# Exercise instructions:
The listing below should be written out word for word, with its pictures removed.

# Recorded data:
——
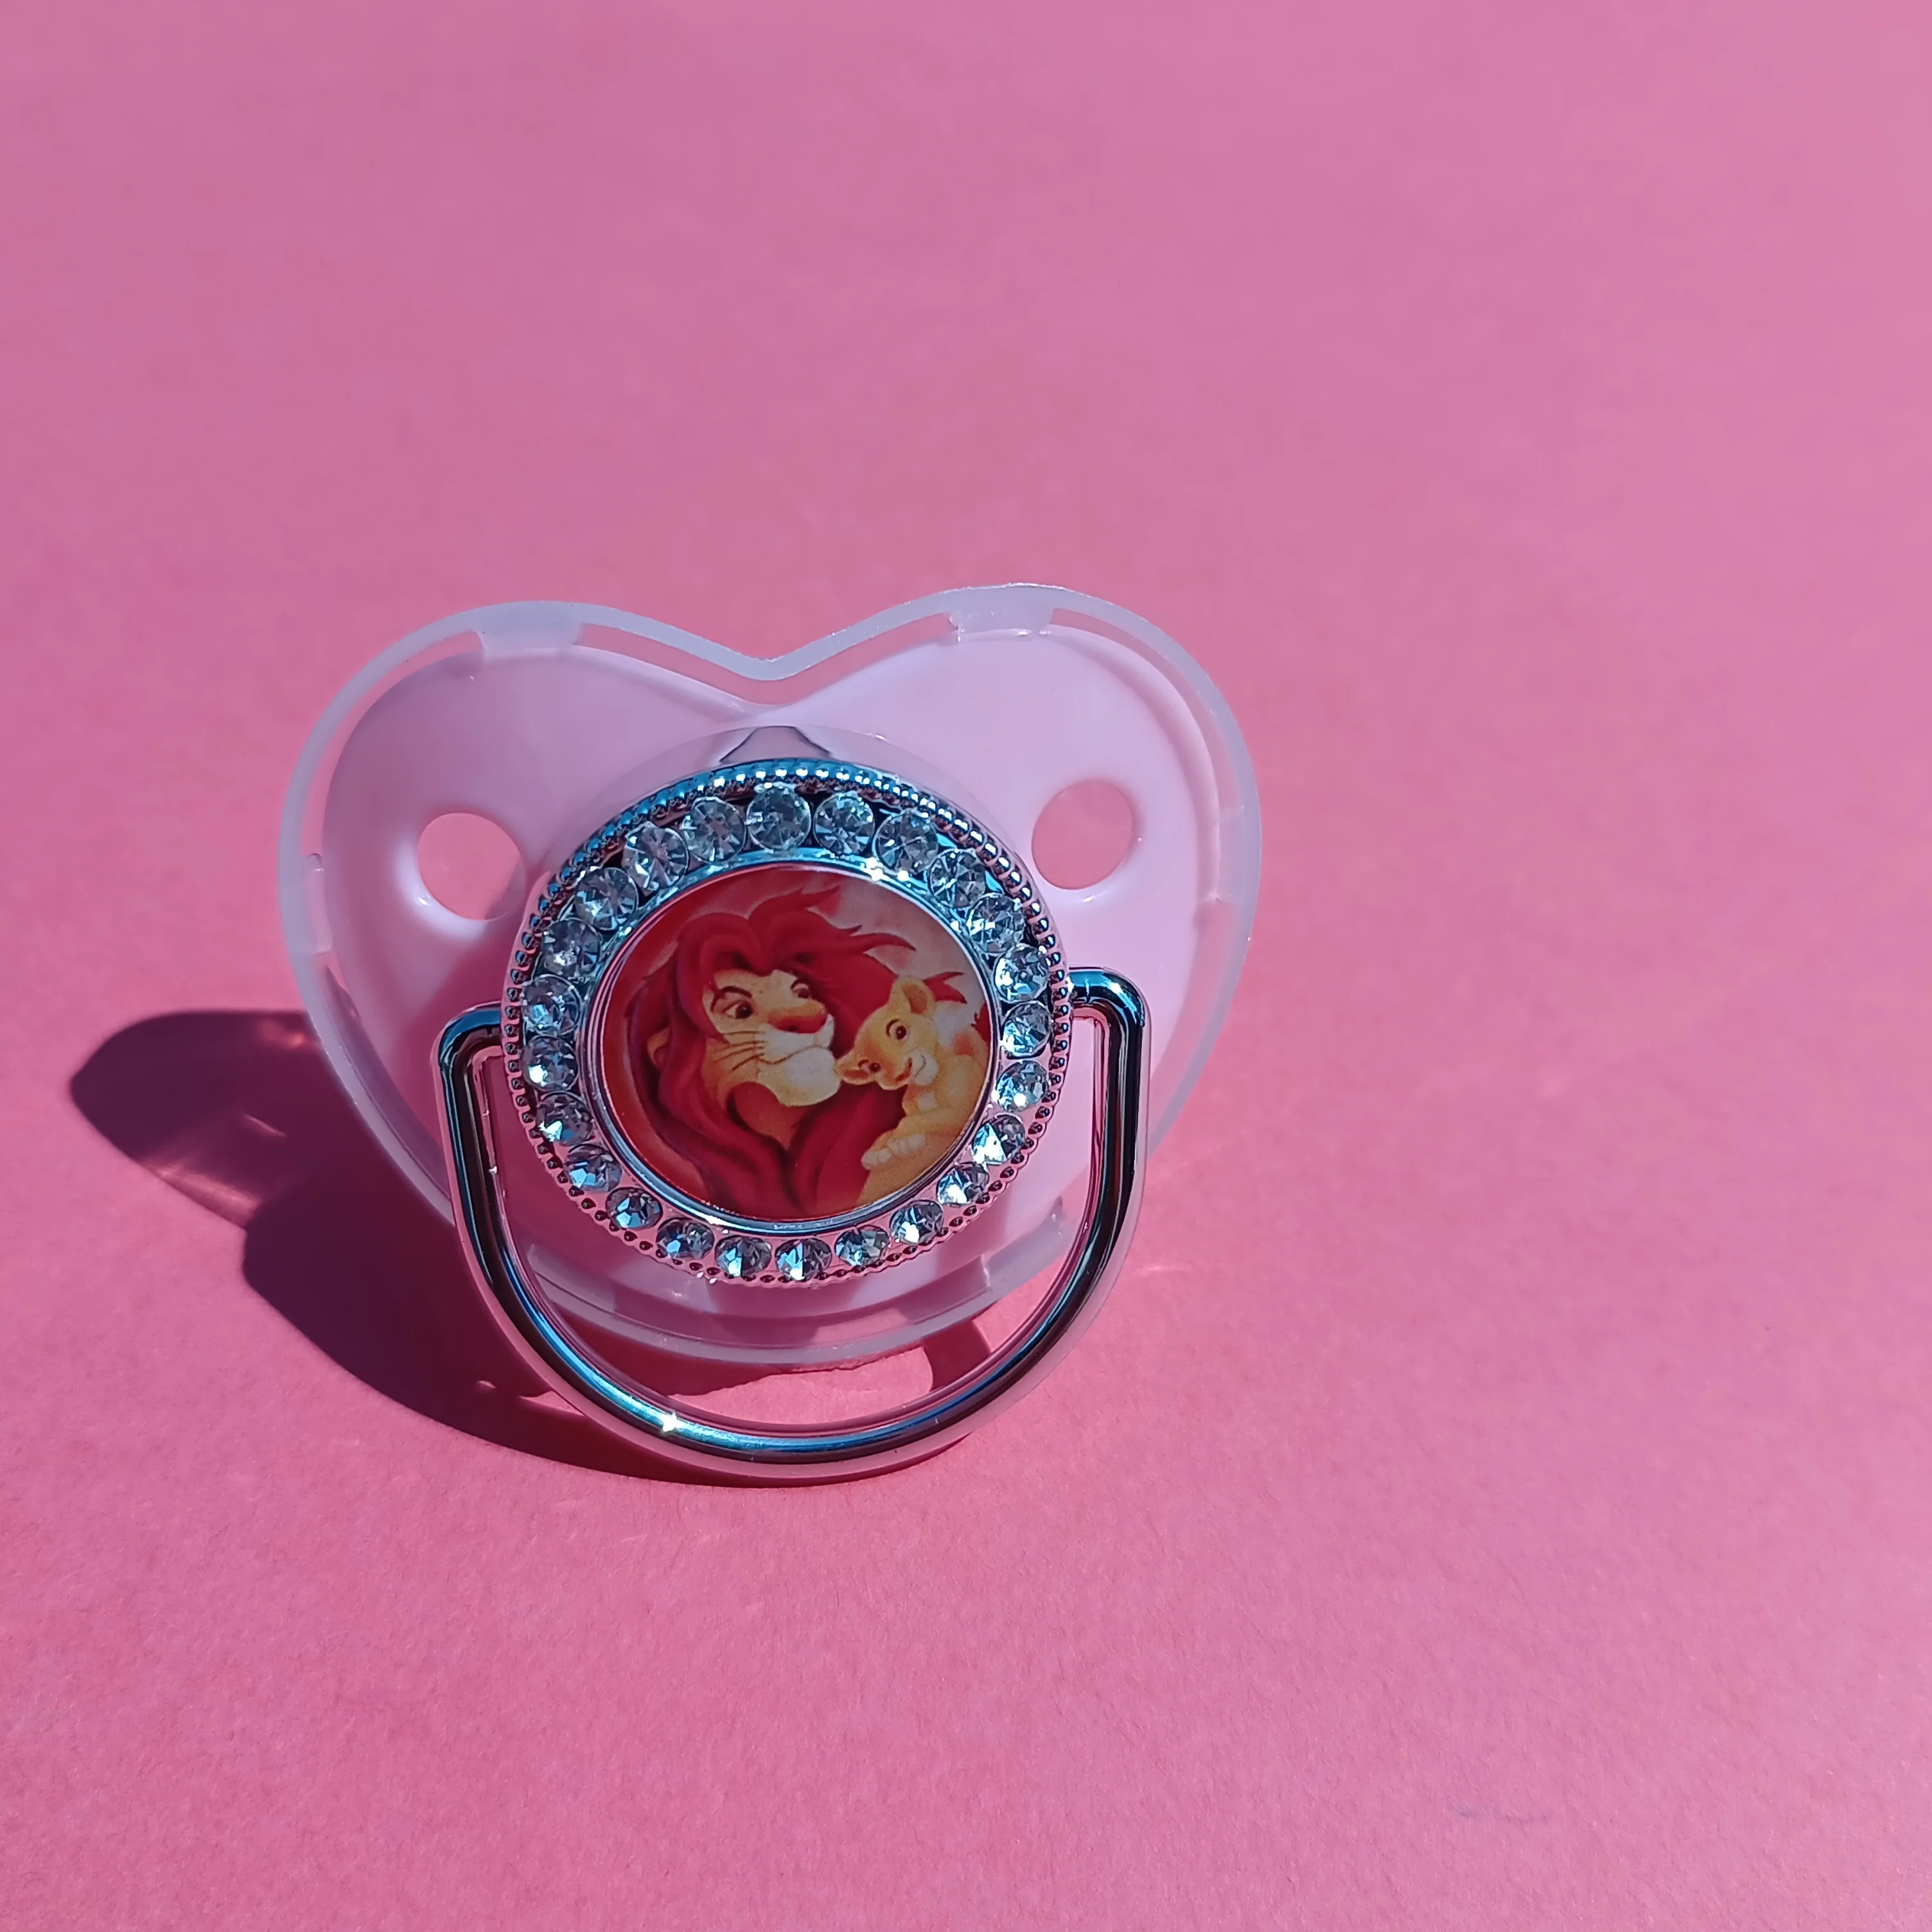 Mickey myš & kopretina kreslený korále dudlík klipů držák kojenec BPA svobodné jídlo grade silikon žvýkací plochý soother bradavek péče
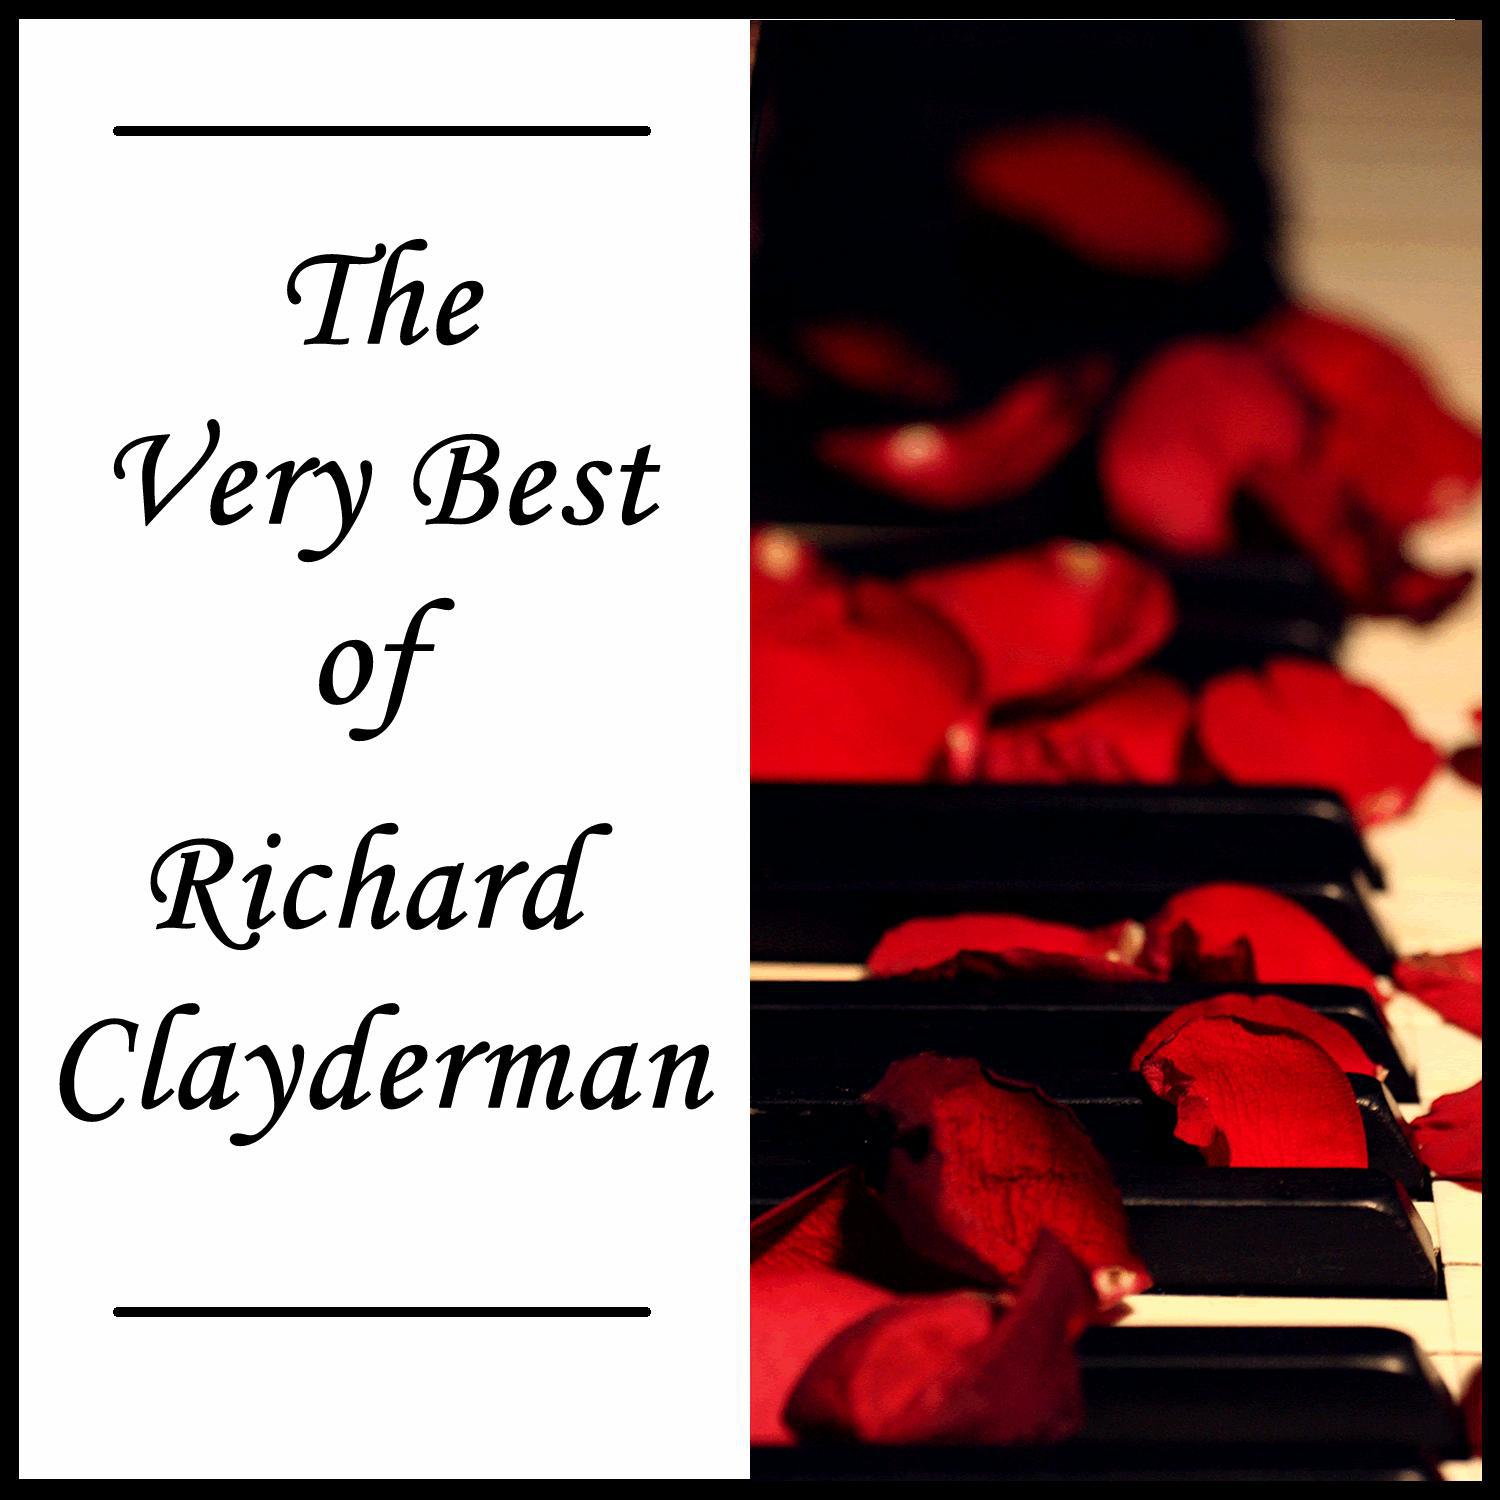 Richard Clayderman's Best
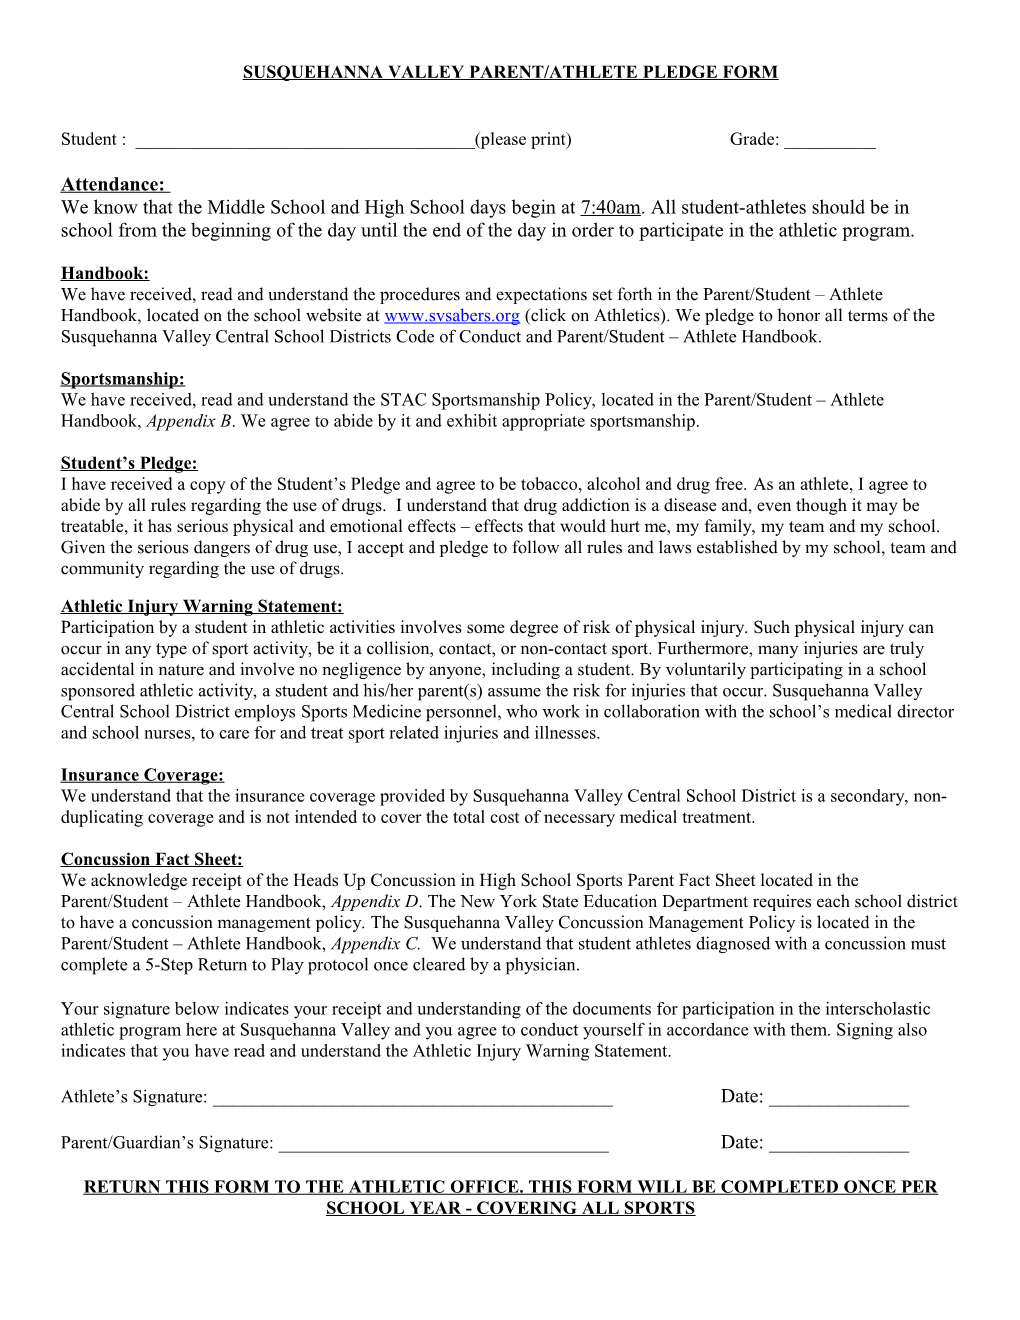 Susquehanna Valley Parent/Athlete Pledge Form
——
# Final answer:
 Mickey myš & kopretina kreslený korále dudlík klipů držák kojenec BPA svobodné jídlo grade silikon žvýkací plochý soother bradavek péče
 Richard Clayderman's Best
 Susquehanna Valley Parent/Athlete Pledge Form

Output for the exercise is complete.